**Task to carry out**
Leave out every picture, and output exactly the lines from the line containing "Magione di lana" through the last line of the data.
**** Exercise data
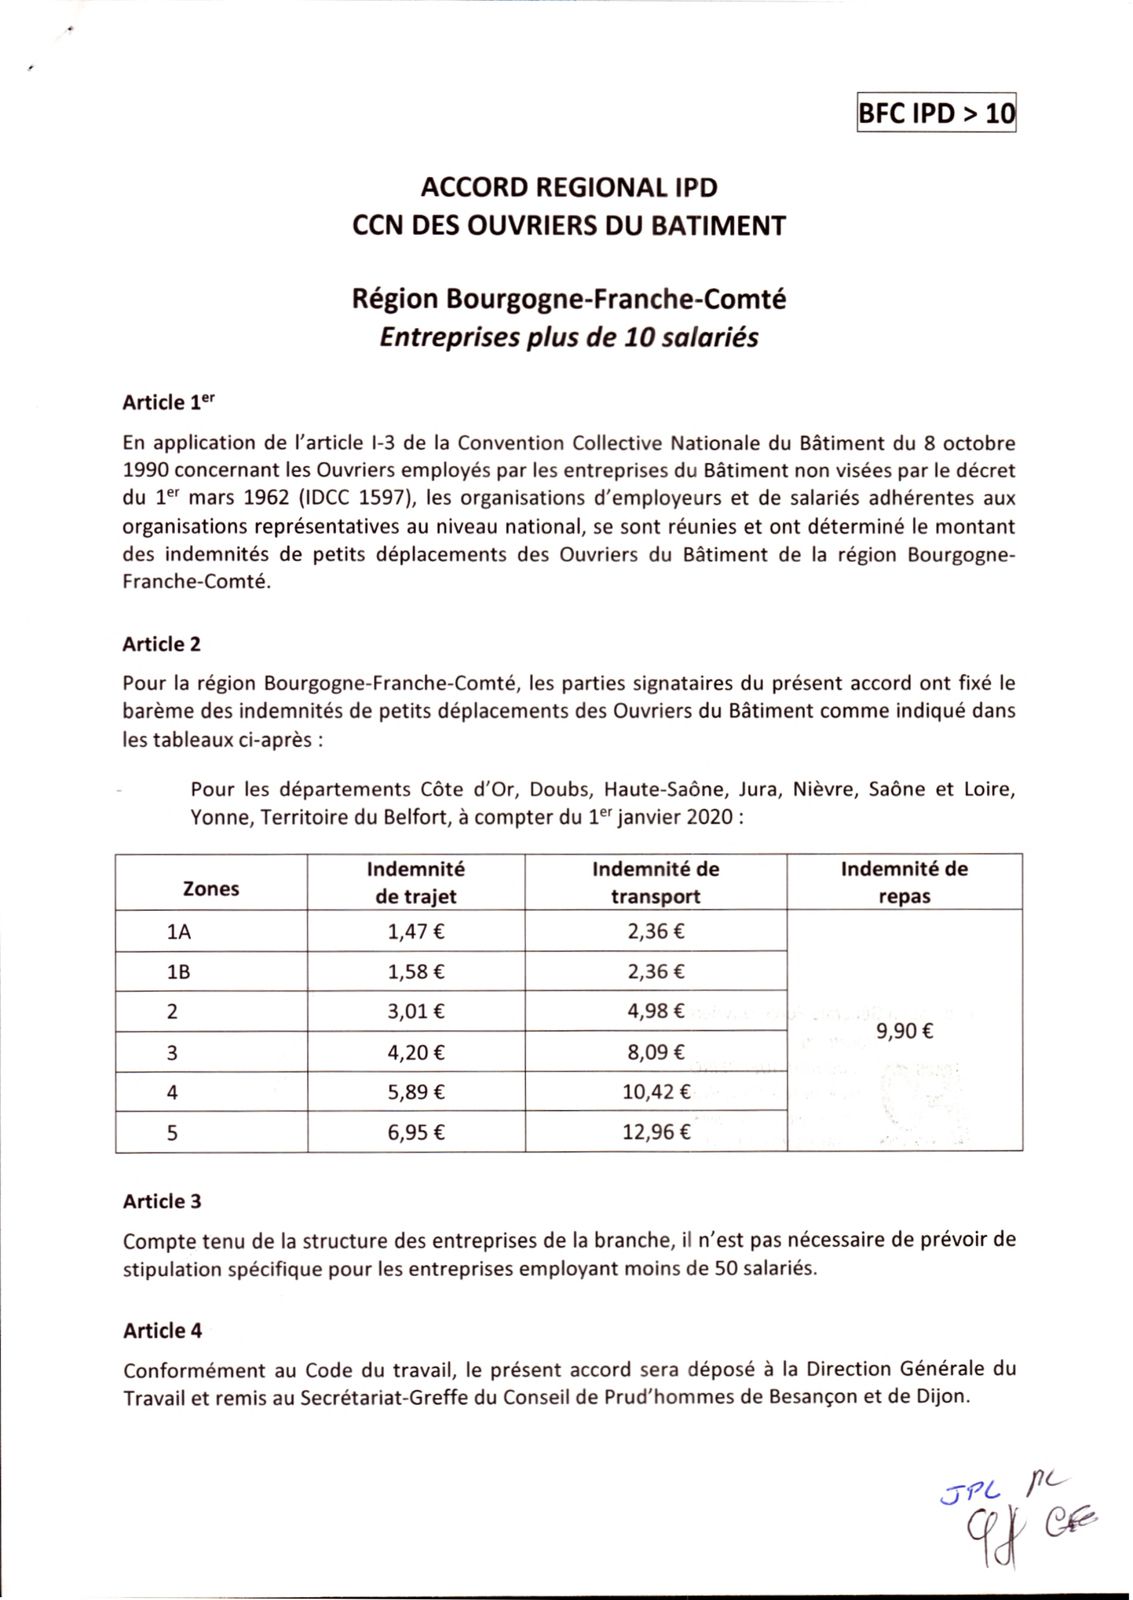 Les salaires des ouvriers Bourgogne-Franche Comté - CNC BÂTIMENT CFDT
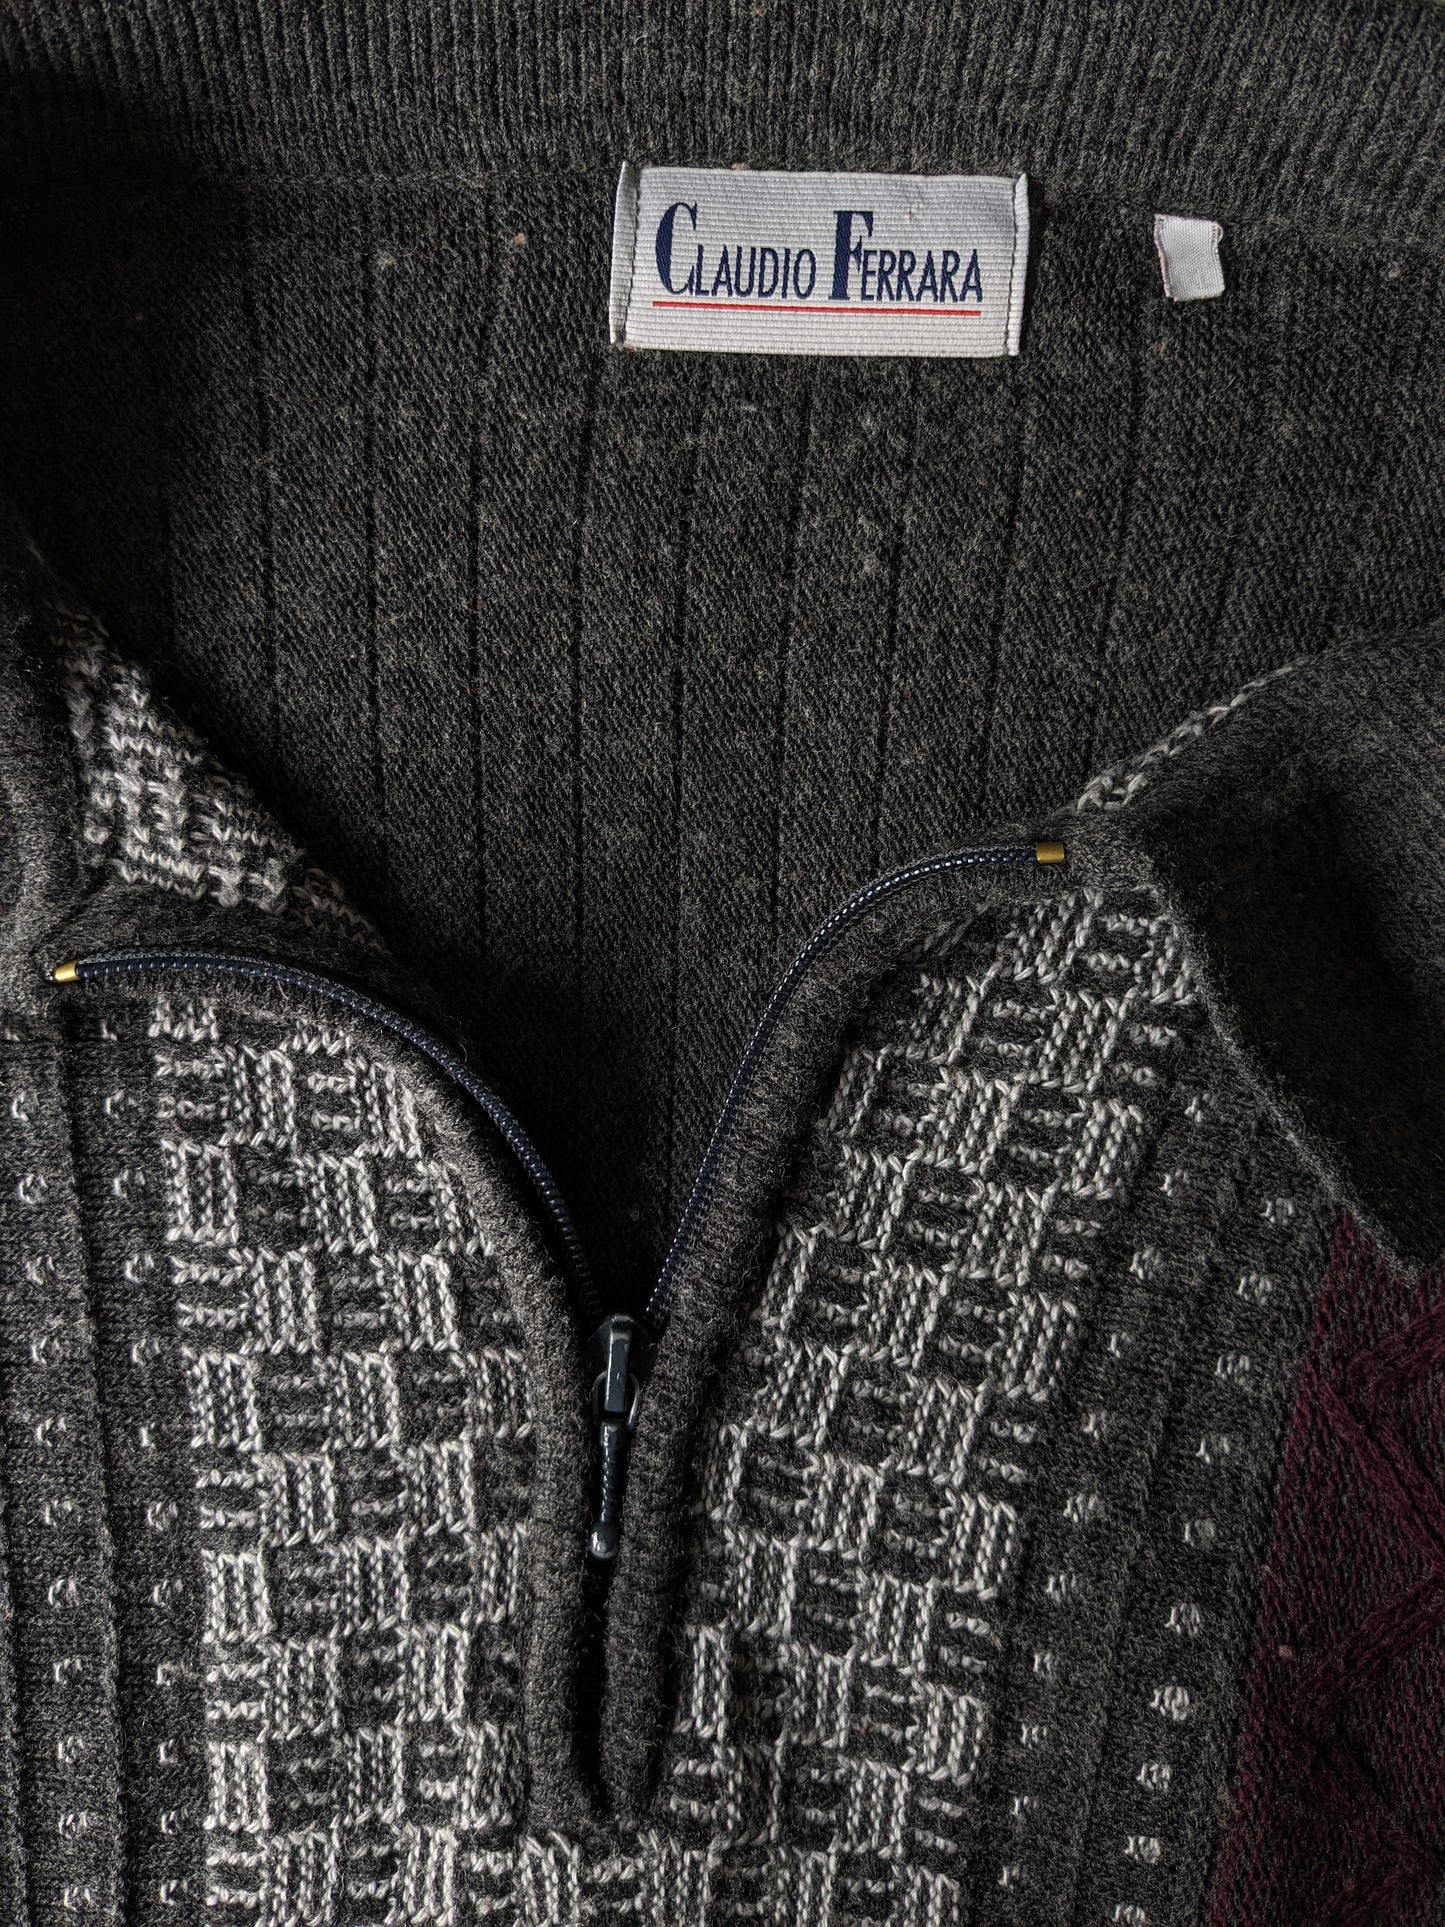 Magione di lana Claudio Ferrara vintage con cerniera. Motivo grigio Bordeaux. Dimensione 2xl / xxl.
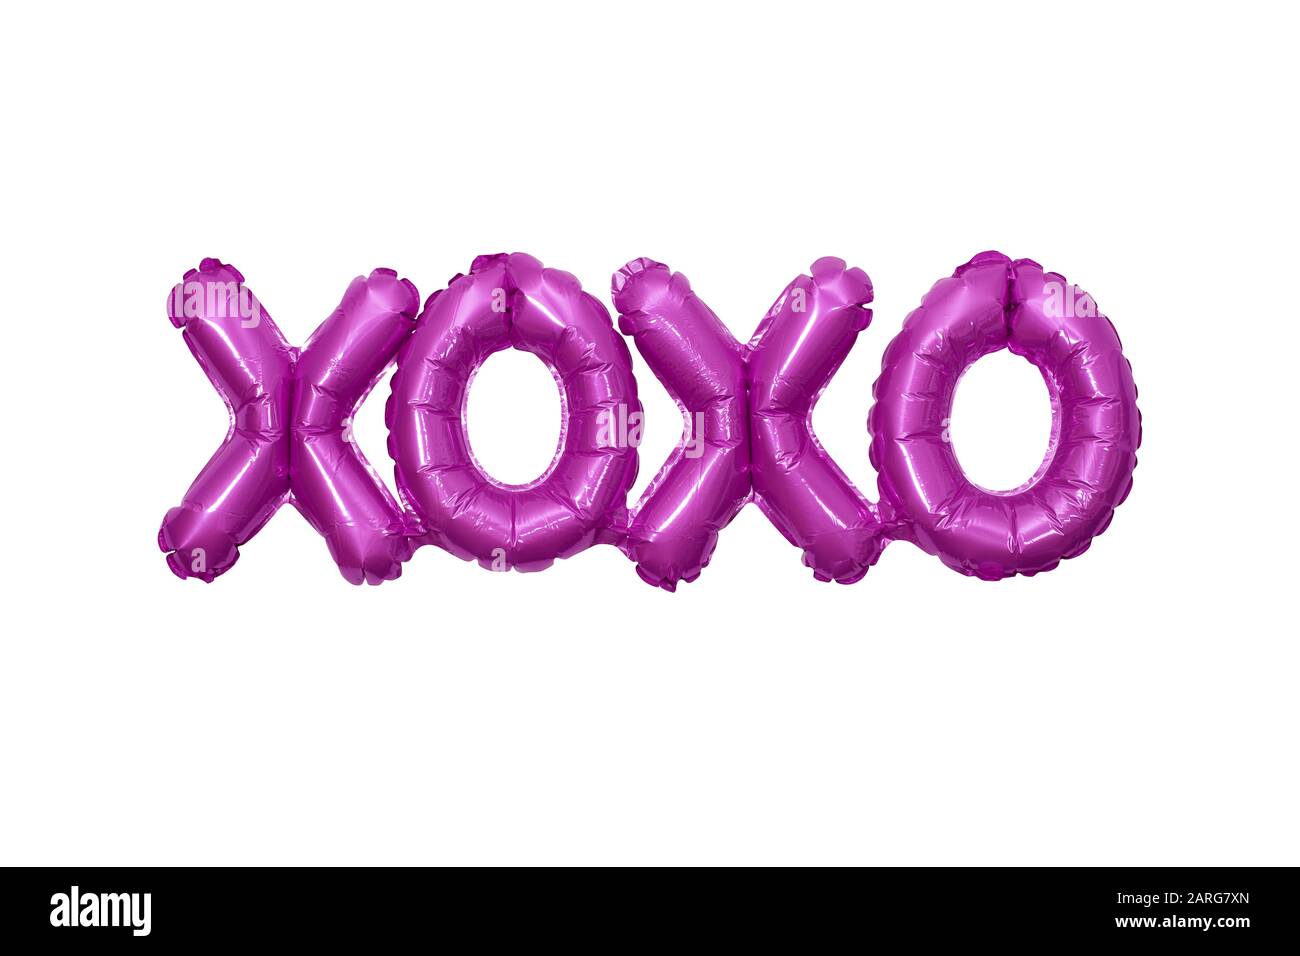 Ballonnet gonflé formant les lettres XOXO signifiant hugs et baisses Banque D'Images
********
**Solution**
 Magione di lana Claudio Ferrara vintage con cerniera. Motivo grigio Bordeaux. Dimensione 2xl / xxl.
 Ballonnet gonflé formant les lettres XOXO signifiant hugs et baisses Banque D'Images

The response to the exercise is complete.